Вошел монах Евсевий.
– Благодать Господня на вас. К вашему высокородию, милостивец. Реестрик вот. О ту неделю, коли помнить изволите, разговорец был…
– Здравствуйте, здравствуйте. Что такое? Какой реестр? Простите, великодушно, отец, что без сюртука пред вами. Жарко. Не обессудьте.
– И что вы, Корнут Яковлевич. Нам ли, воинству смиренному, велелепие мира. А реестрик вот он. О ту неделю, о ту неделю разговорец у Сухаревки в дому Анны Акимовны благодетельницы…
– А!.. Дружина… Да, да. Светлое начинание. Только не ко времени вы, отец. Брат скончался. Телеграмма вот… Волею Божьею. К ночи выезжаю. Да.
– Помилуй Бог, милостивец… Вечная память рабу… А который же это братец?..
– Как – который? Брат Макар…
– Ах, так Макар Яковлевич… Я было подумал тот, другой… Вечная память… Помяни, Господи, душу…
– Тот, другой! Другой! Вячеслав, значит? Каторжник! Про того, знайте, отец, ни говорить, ни думать не стану; жив ли он, умер ли… И стыдно вам, отец, предположение иметь, что поехал бы я из-за него… Из-за каторжника… из-за каторжника, да, да… и врага отечества. Или не знаете? Стыдно. Не ожидал. Не ожидал-с.
Побагровело лицо Корнута Яковлевича; голову он в тело горбатое по уши опустил. Кулачком в стол бия, слова визгливого крика как молотком выбивал. И брызгала слюна.
– То есть простите великодушно. Из памяти вон… как перед Истинным…
Маленький монашек, невзрачный, угождением подобострастным дрожь в голос вызвал. На бутылки, на стаканы столпившиеся смотрел глазками бегающими. И более еще закраснелся носик его, и заблестел.
– Да, да… садитесь же, отец. Гость будете. А дружина… Да! Тут проект нагрудного знака. Не годится, не годится… Идея, так сказать, не полностью выражена. Крест все заслоняет. А тут не то надо. Конечно, эмблема… да, да. Только тут другую эмблему на первый план.
– То есть, как же это-с…
– А вот так же-с!
Кулачок медлительно поднял и с маху в стол грохнул. После краткого в дверь стука лакей вошел. Склонившись, счет подал.
– Все тут?
– Все-с.
– Проверьте-ка.
И бумагу Корнут Яковлевич через стол нотариусу Гервариусу перебросил.
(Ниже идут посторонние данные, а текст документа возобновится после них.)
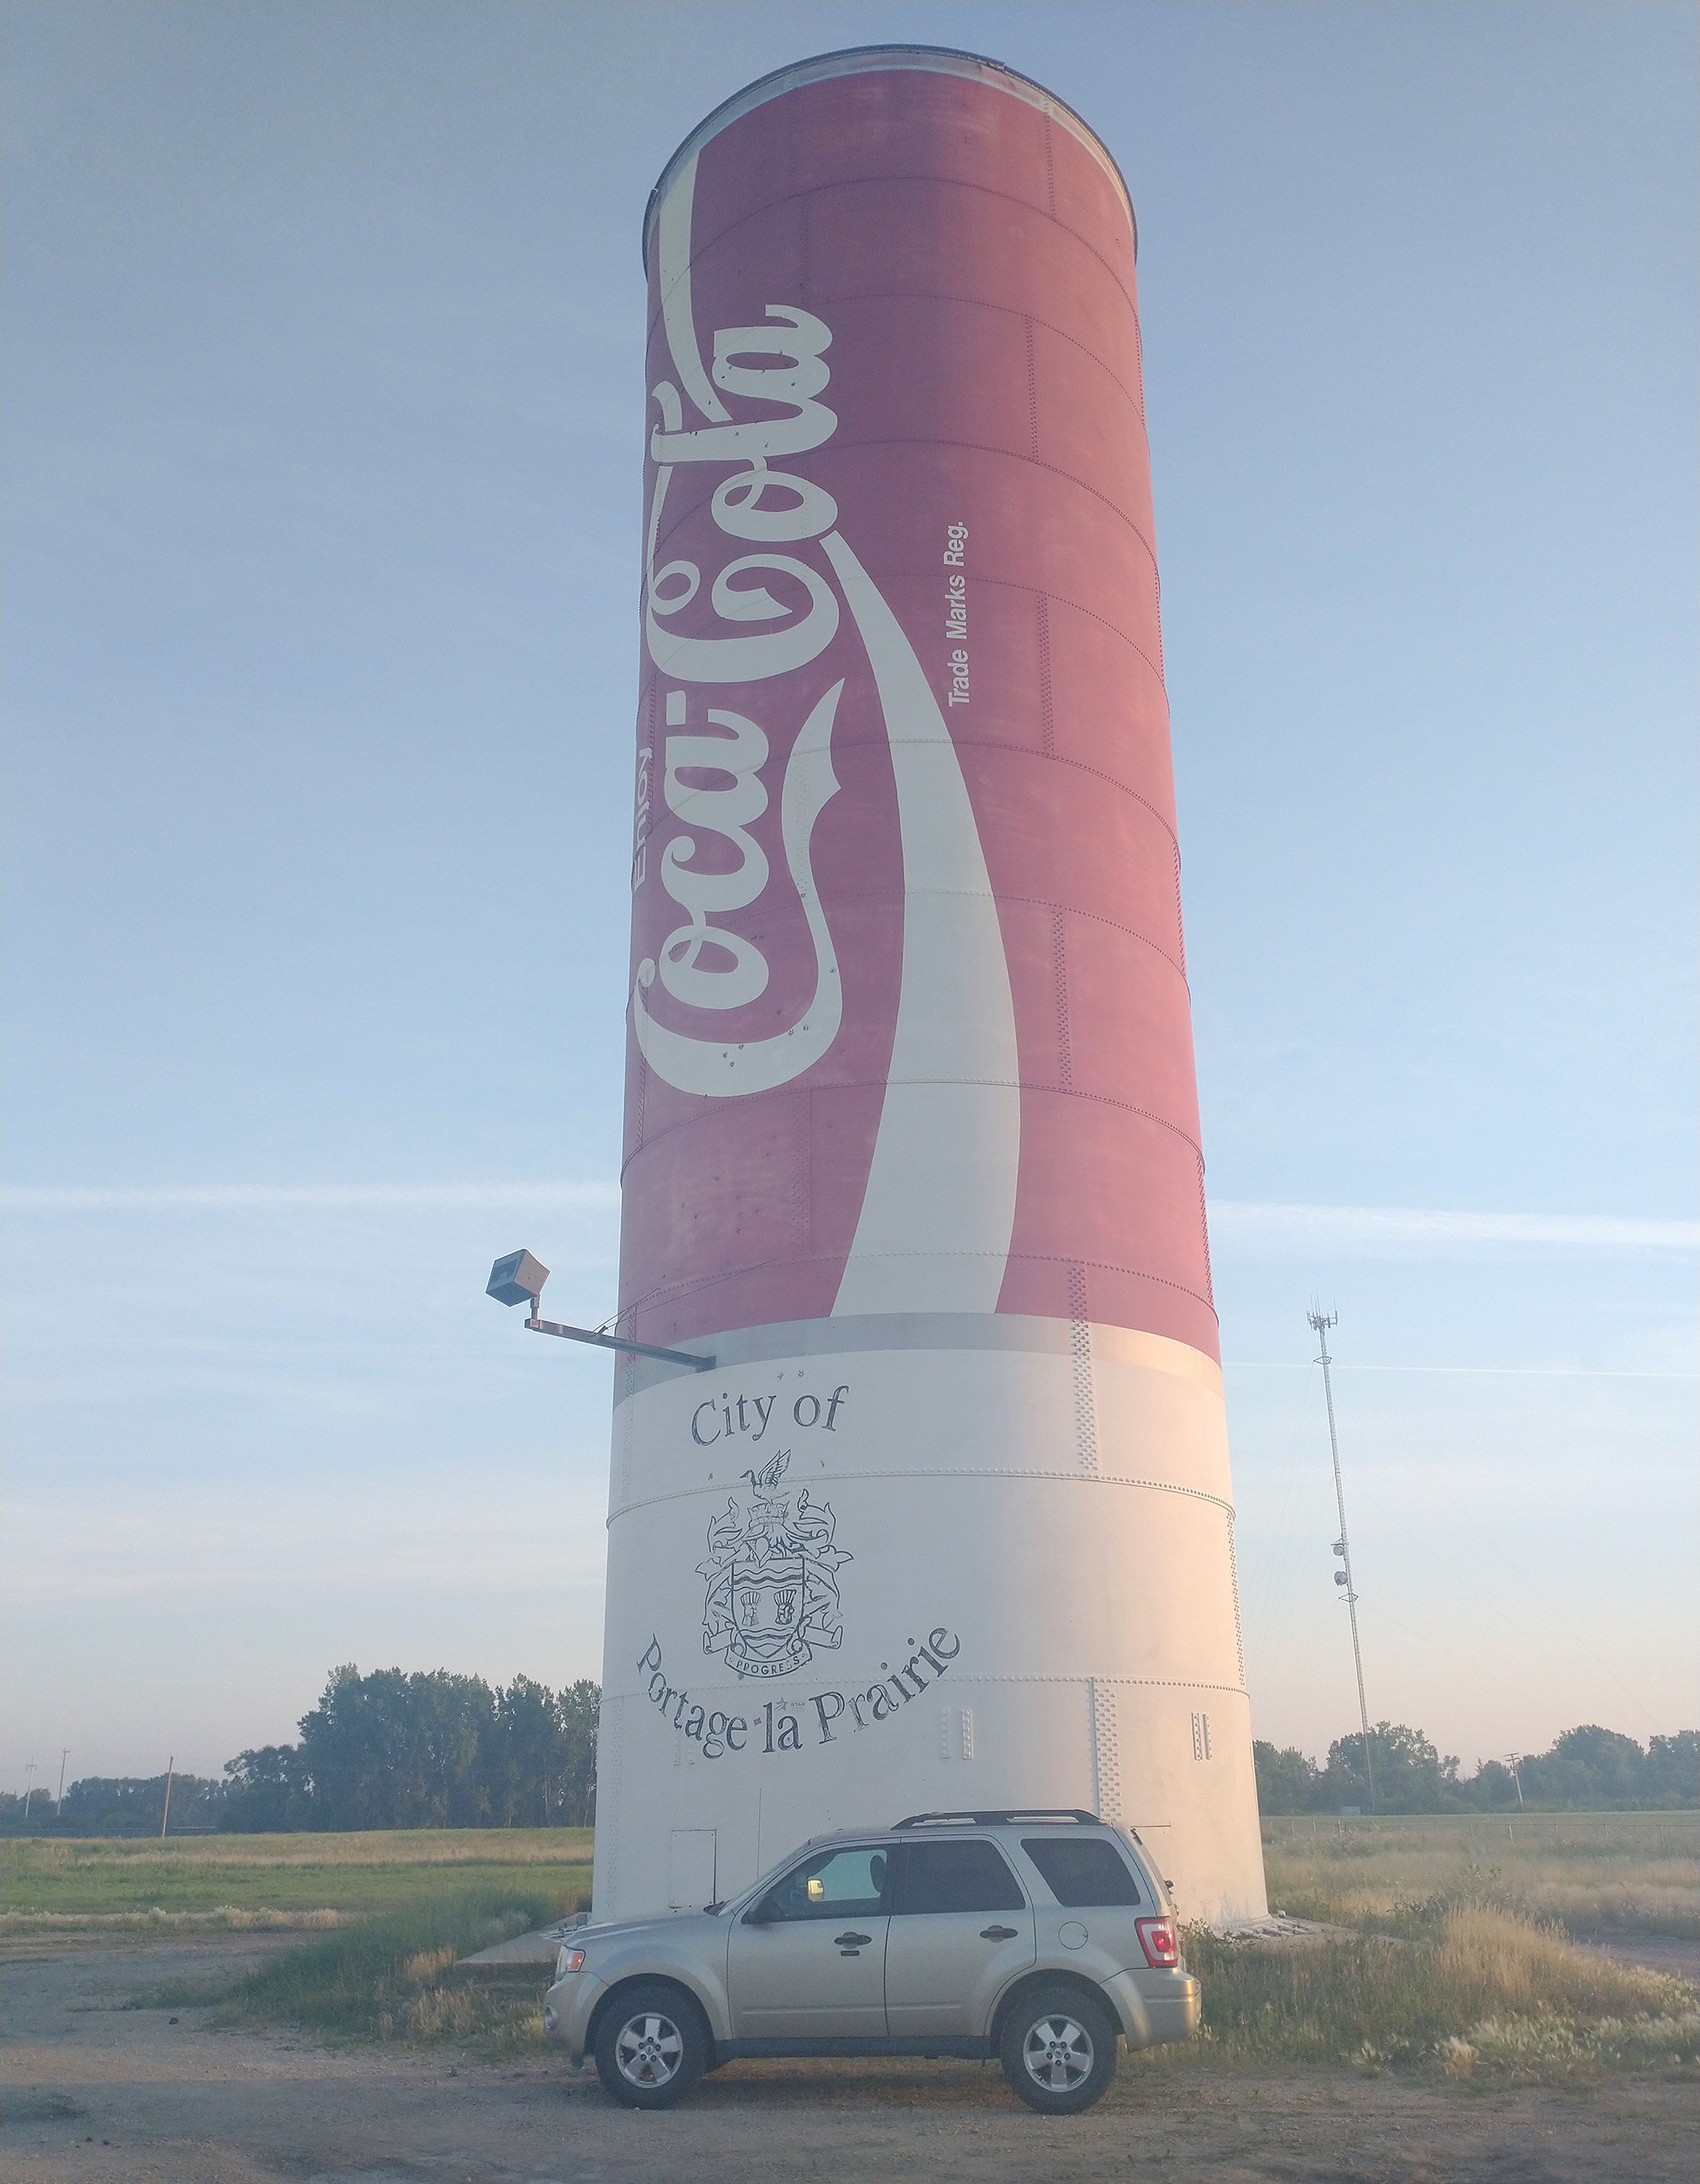 Final stop and where I spent the night: Portage la Prairie, home of the largest Coca-Cola can! It's huge

Оплошностью своею напуганный, монашек робко сосал сладкое вино из высокого бокала, шепотком неслышным ругал себя и поглядывал на бутылку английской горькой и на икру, и не решался. Кашлянув трижды и ладонью бородку погладив, а потом засаленную ряску на груди, проговорил:
– А вы, милостивец, отцу Гурию не очень бы тово… Осмелюсь…
– Что?
– Не очень бы… тово… то есть, доверялись…
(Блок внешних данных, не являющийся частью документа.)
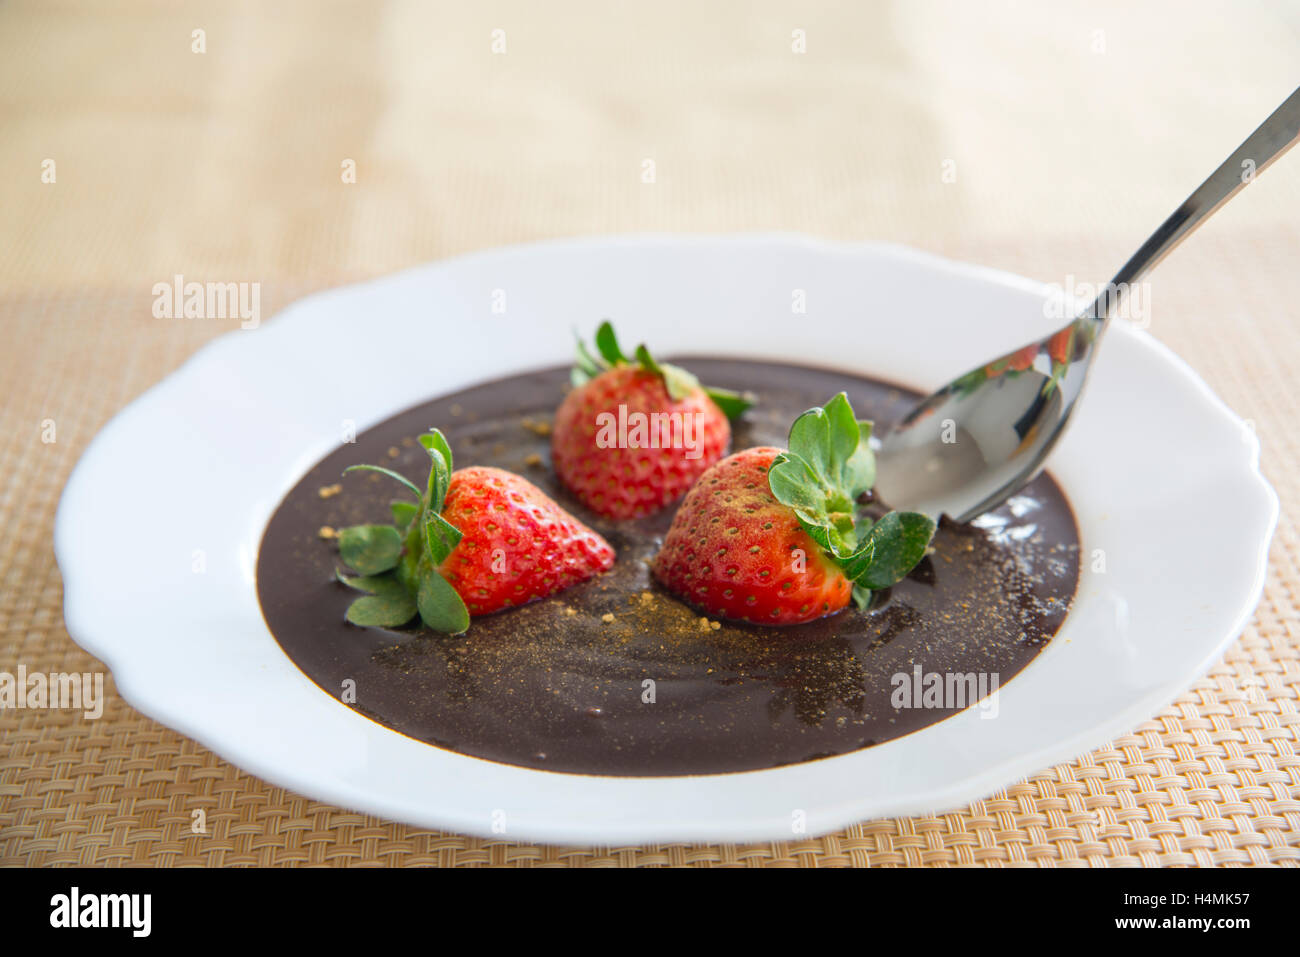 Chocolate cream with strawberries and ginger. Close view. Stock Photo

– Это отцу Гурию? Иеромонаху?.. Да отца Гурия мне сам преосвященный…
– Милостивец!.. Ваше превосходительство… Всего сказать не могу ныне, но только… И нет тайного, что не стало бы… Ваше превосходительство, долг повелевает. Вы вот давеча про братца, про Вячеслава Яковлича изволили… Так ведь отец Гурий… Верьте, милостивец, доподлинно я…
Нотариус Гервариус счет передал Корнуту Яковлевичу, хихикая, карандашом указывал на строку.
– Извольте полюбоваться. Аккуратность-то! Внимания достойно.
Pince-nez надел, читал Корнут, на монашка косясь.
– Что? Что? Жулье! Эй, позвать сюда самого… как его… седого идиота! За пробку! Я им покажу пробку.
Стакан подставил. Гервариус поспешно налил. Тот выпил. Снова налил, к уху патрона склонился, шептал и хихикал потом, на дверь озираясь. Вошел распорядитель.
– Это что? Вы мне за пробку! Я вам больше трехсот в день, а вы полтинники за пробку! Мало я вашего вина спрашиваю? Да? Не имею я права в номере свой коньяк пить? Да? Да? Полтиннички собираете? Нищенствуете? На паперти вам стоять, а не гостиницу содержать…
Седой распорядитель пытался слово вставить, руку к счету протянул. Но не давал Корнут Яковлевич счета: махая им перед лицом того, визжал, другой рукою вино из стакана расплескивая. Злился все круче и багровел. Визг голоса своего слыша, всегда свирепел пуще.
– …За пробку вам, голубчики? Получайте за пробку! Вы еще спички забыли. Эй! Припишите вы этим побирушкам коробок за десять спичек… Подлецы! Дел у меня мало, что ли, чтоб мне из-за ваших пробок кричать! Да? Да? На меня вся империя, может, смотрит… а они, пробку! Мне вчера его преосвященство… да, да… а они пробку! У меня брат умер, а эти прохвосты пробку мне тычут!.. Собираться. Вон отсюда все! В минуту! Сюртук? К черту сюртук. В этом кабаке и без штанов дойду до передней… побирушки-голодранцы… Сколько до поезда? Два часа? В Московской досижу. Марш!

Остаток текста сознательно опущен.